ROGER EBERT

The Daily Illini: 1961-64
Editor-in-chief, 1963-64
WPGU: 1961-63

University of Illinois:
B.S. Journalism, 1964

Urbana native Roger Ebert’s Pulitzer Prize-winning career began at the age of 15 when he wrote sports for the Champaign-Urbana News Gazette. By his mid-20s, the Chicago Sun-Times hired him, making him a film critic just six months later. Ebert’s zeal for and knowledge of film earned him a 1975 Pulitzer Prize for film criticism, and his work as a critic — in print and television — has made him an American icon.

Ebert’s Sun-Times column is syndicated in more than 200 newspapers and his weekly film review program, “Ebert & Roeper” appears on more than 200 stations. Ebert partnered with the late Chicago Tribune film critic Gene Siskel to pioneer his first television program, which began in 1974. Siskel and Ebert were widely known for their thumbs-up and thumbs-down movie rankings. He also hosts the live pre- and post-Academy Award broadcast for KABC-TV and is the co-host of the Cannes Film Festival awards on the Independent Film Channel. Author of 15 books, Ebert’s 2002 The Great Movies was a best-seller.

Ebert also works with college students, lecturing at the University of Chicago Fine Arts Program. He is an adjunct professor of cinema and media studies at the University of Illinois. He is known for conducting shot-by-shot film analyses at universities, film institutes and select film festivals.

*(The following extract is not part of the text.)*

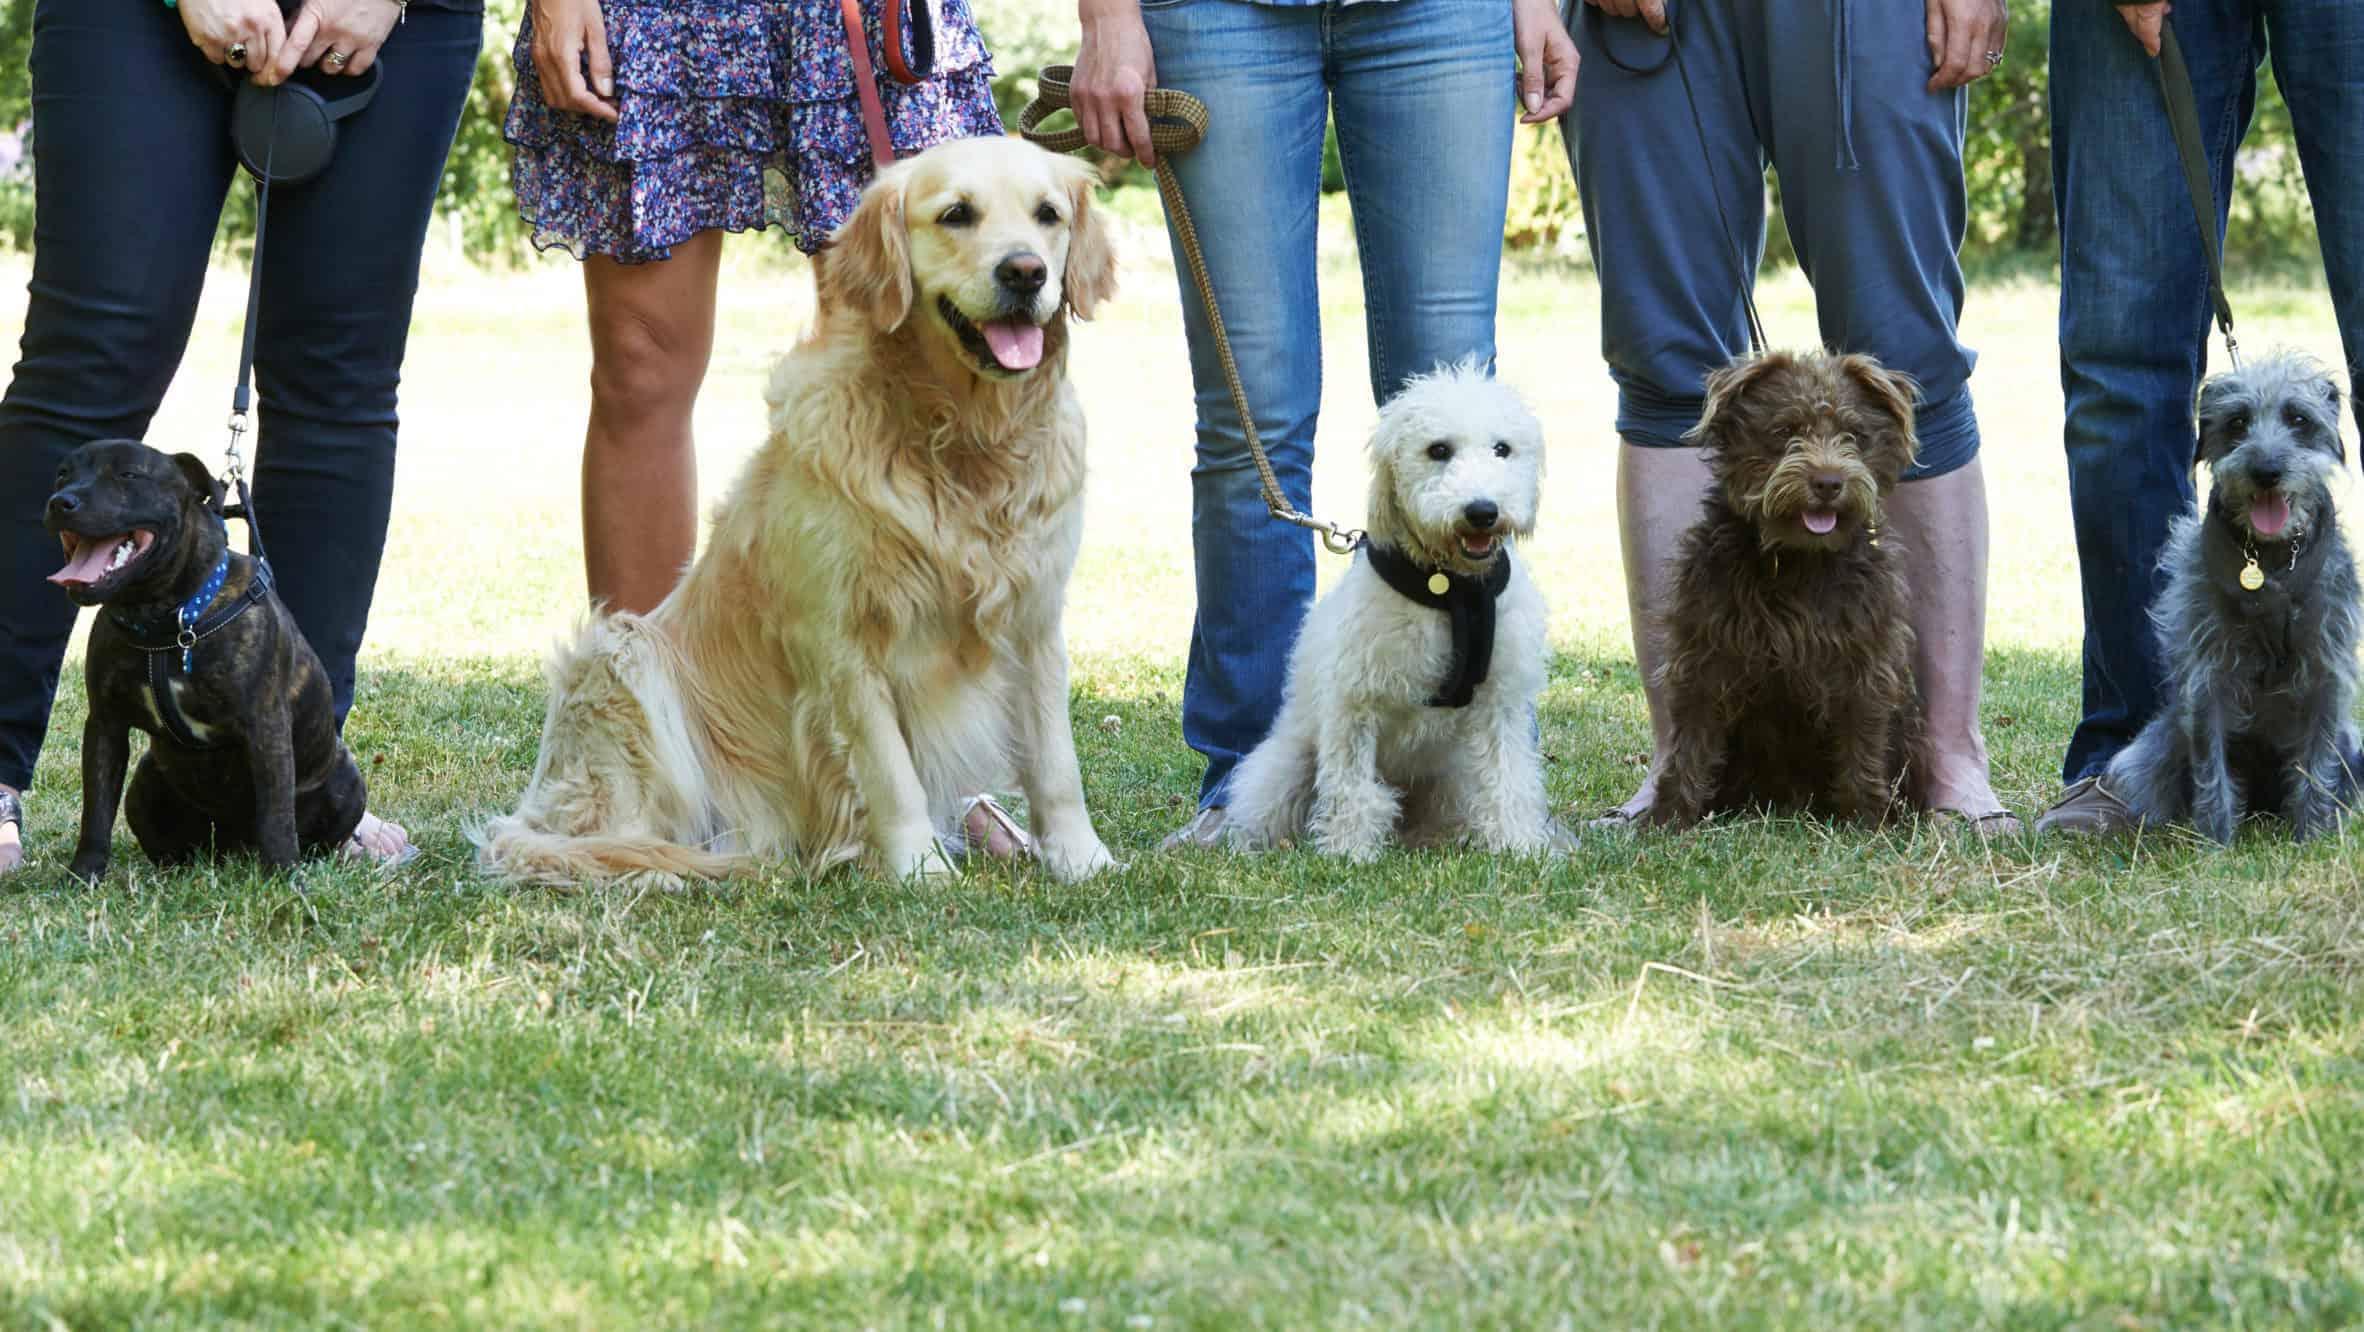 Dog Park at Wappo Park

In 1999, he launched his annual Roger Ebert’s Overlooked Film Festival, presented each April in Champaign-Urbana. Ebert and his wife, Chaz, personally welcome festival-goers, who are treated to Ebert’s post-film interviews with directors, producers and stars. Ebert earned his own star on the Hollywood Walk of Fame in 2005.

This bio was written at the time of Roger Ebert’s inauguration into the 2006 Illini Media Hall of Fame. Mr. Ebert died in April 2013.